I am a grandma and was named for my grandma. I've been an actress, a political strategist and a writer.I grew up in various places, went to high school in Killbuck, Ohio and graduated from Ohio State University. My husband and I moved to Arizona after graduation and have three adult children. I love to travel and read. I ponder family as I cook. Look for my DNA profile on Ancestry.

12 thoughts on “Polenta? NO! Grandma Cooked Cornmeal Mush

  1. Bro

    I never was a fan of those cornmeal mush breakfasts except on those rare occasions when we had genuine maple syrup. I could eat cardboard if it had enough maple syrup on it. Now we eat decadent polenta a la Italia, and sometimes I make a kind of cornmeal pancake with a cup of cornmeal, a tablespoon of cooking oil, one egg, and two thirds or more cup of milk, depending on how thin you want them. We prefer them not to have a mushy center. Adding some of last night’s leftover cooked whole kernel corn gives the cakes more personality. Soak the cornmeal beforehand (how long depends on how coarsely ground it is) before cooking.

    1. Vera Marie BadertscherVera Marie Badertscher Post author

      We love corncakes, too, bro, and thanks for your recipe. No flour? That would make a very crispy, lacy cake, right? And I love adding corn to cornmeal anything. Coming up–my special cornbread recipe.
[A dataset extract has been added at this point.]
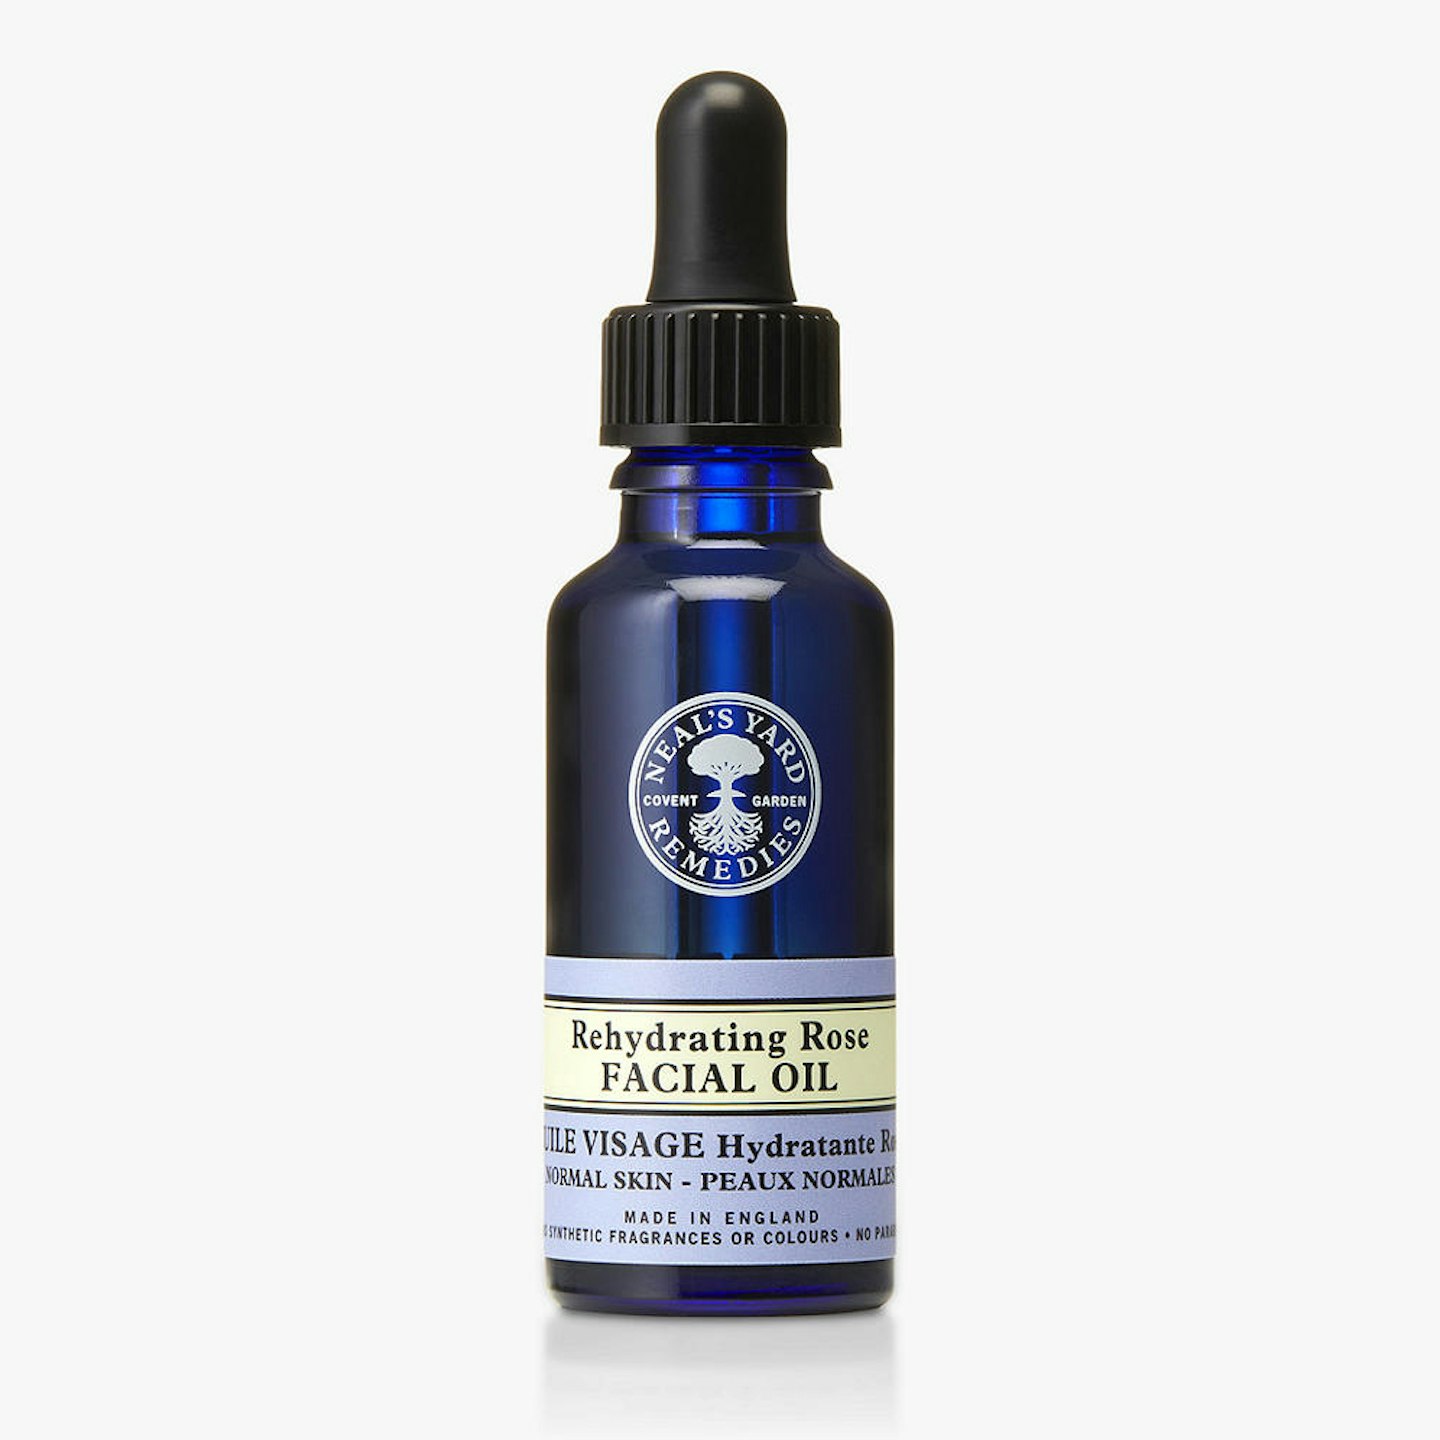 Neal's Yard Remedies Rehydrating Rose Facial Oil, 30ml

      The corn meal mush is not mushy in the middle if you cook it long enough and hot enough, by the way. I just had some for lunch. Delish!

  2. Pam

    You inspired me to get out my Joy of Cooking cookbook. It was a wedding gift from my Aunt Neva in 1972. It does have the cornmeal mush recipe (followed by a polenta recipe). Now I need to make it, and follow you instructions for frying it.

    1. Vera Marie BadertscherVera Marie Badertscher Post author

      Hi Pam–always happy to see someone else who uses Joy of Cooking. But I’ve worn out one, kept the 2nd just because it has some recipes that were taken out of the 3rd, and taped together the 3rd of my copies. Boy, I really have USED these books! Enjoy your cornmeal mush and try to get some maple syrup to top it.

    1. Vera Marie BadertscherVera Marie Badertscher Post author

      How delightful that you have your grandmother’s recipe. And I like your recipes from different places. I also read that the Pilgrims and other early settlers made corn meal mush in imitation of other “mushy” recipes made with different grains in England that were not available at first in the U.S.

  3. Paula Price

    Corn meal mush and corn cakes, YUM! However, being a Virginian I add in corn pone and spoon bread. Also YUM! Oh, and don’t forget the scrapple to go with the mush. Not yum!

  4. Tom Fair

    Eating a breakfast of cornmeal mush with syrup is one of my fondest childhood memories. I can still taste it!